Sorbonne Universite, Paris Brain Institute-ICM, CNRS, Inria, Inserm, AP-HP, Hopital de la Pitie Salpêtriere, F-75013 Paris, France.
Rep Prog Phys. 2023 Aug 22;86(10). doi: 10.1088/1361-6633/ace6bc.
The brain is a highly complex system. Most of such complexity stems from the intermingled connections between its parts, which give rise to rich dynamics and to the emergence of high-level cognitive functions. Disentangling the underlying network structure is crucial to understand the brain functioning under both healthy and pathological conditions. Yet, analyzing brain networks is challenging, in part because their structure represents only one possible realization of a generative stochastic process which is in general unknown. Having a formal way to cope with such intrinsic variability is therefore central for the characterization of brain network properties. Addressing this issue entails the development of appropriate tools mostly adapted from network science and statistics. Here, we focus on a particular class of maximum entropy models for networks, i.e. exponential random graph models, as a parsimonious approach to identify the local connection mechanisms behind observed global network structure. Efforts are reviewed on the quest for basic organizational properties of human brain networks, as well as on the identification of predictive biomarkers of neurological diseases such as stroke. We conclude with a discussion on how emerging results and tools from statistical graph modeling, associated with forthcoming improvements in experimental data acquisition, could lead to a finer probabilistic description of complex systems in network neuroscience.

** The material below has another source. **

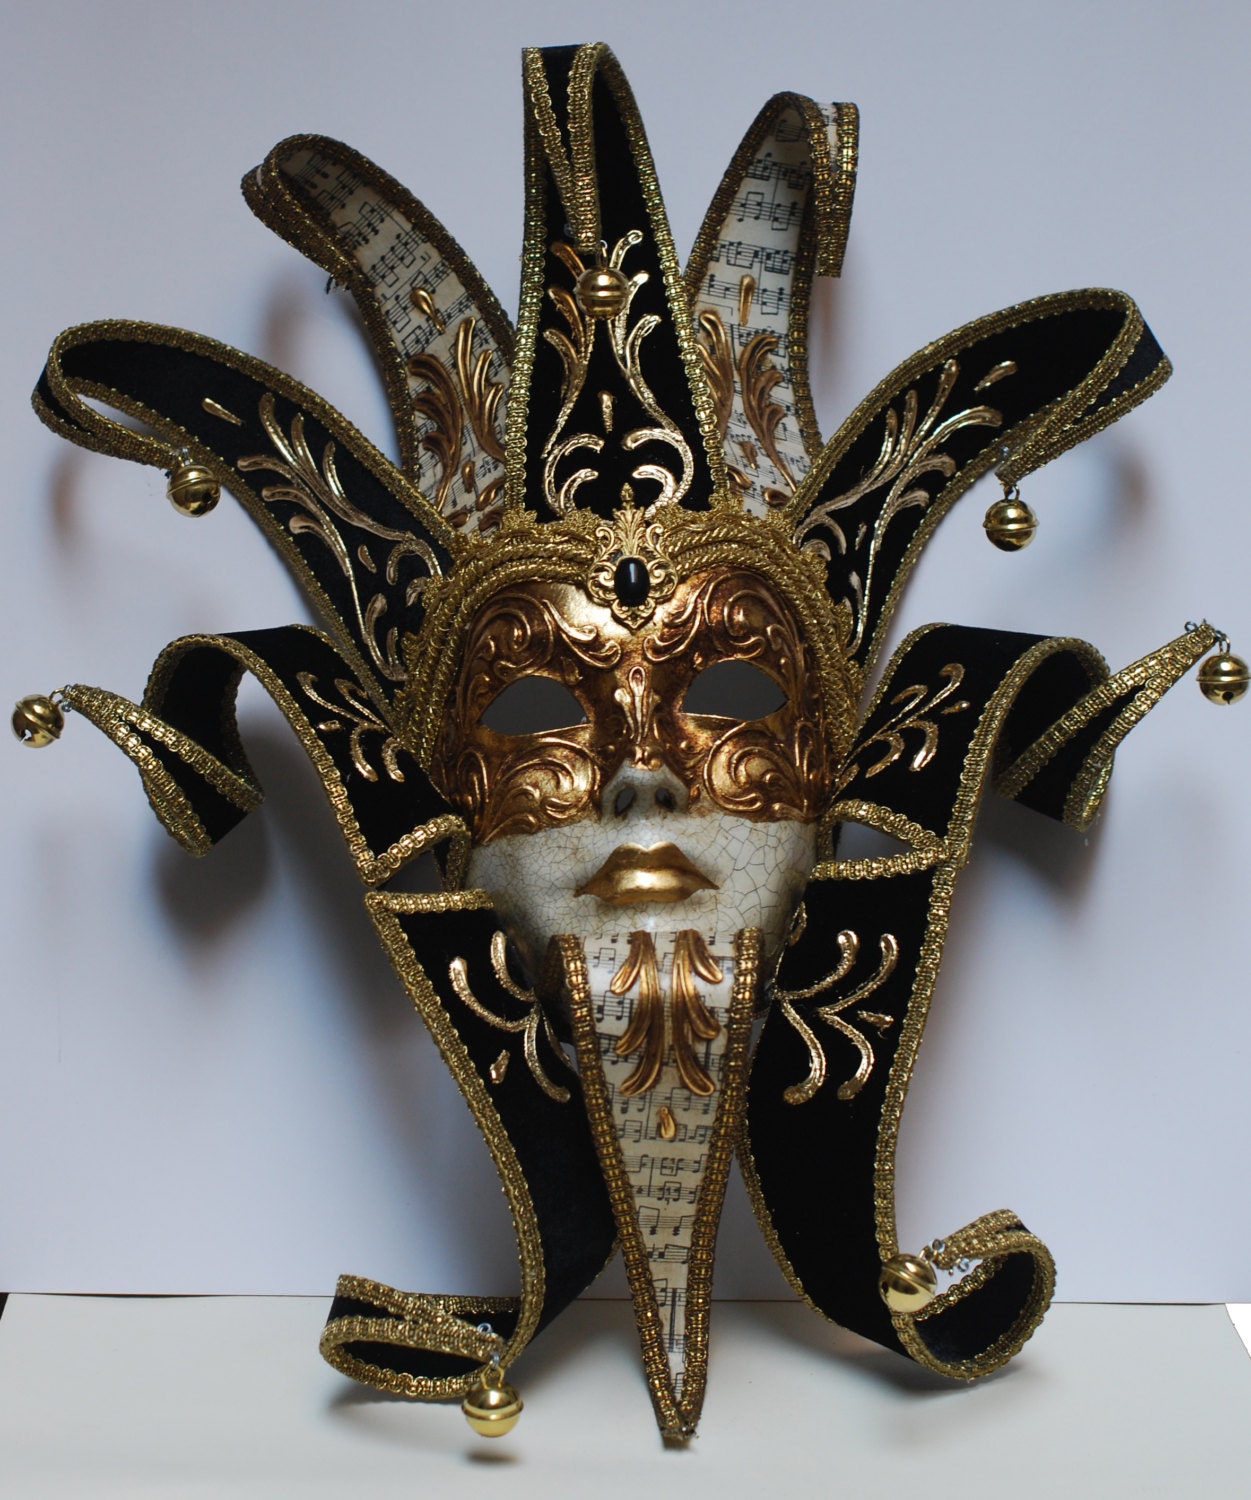 Joker Mask Jester Masquerade Mask Full Face Venetian Mask Gold and  Green/gold and Blue Home Decor, Interior Design Mask F27/F28

大脑是一个高度复杂的系统。这种复杂性主要源于其各部分之间相互交织的连接,这些连接产生了丰富的动力学和高级认知功能的出现。解开潜在的网络结构对于理解健康和病理条件下的大脑功能至关重要。然而,分析大脑网络具有挑战性,部分原因是它们的结构仅代表一般未知的生成随机过程的一种可能实现。因此,有一种正式的方法来应对这种内在的可变性对于大脑网络特性的描述是至关重要的。解决这个问题需要开发主要来自网络科学和统计学的适当工具。在这里,我们专注于网络的最大熵模型的一个特殊类别,即指数随机图模型,作为一种识别观察到的全局网络结构背后的局部连接机制的简约方法。我们回顾了在寻找人类大脑网络的基本组织特性,以及识别中风等神经疾病的预测生物标志物方面的努力。我们最后讨论了统计图建模的新兴结果和工具,以及与实验数据采集的未来改进相关的工具,如何导致网络神经科学中复杂系统的更精细概率描述。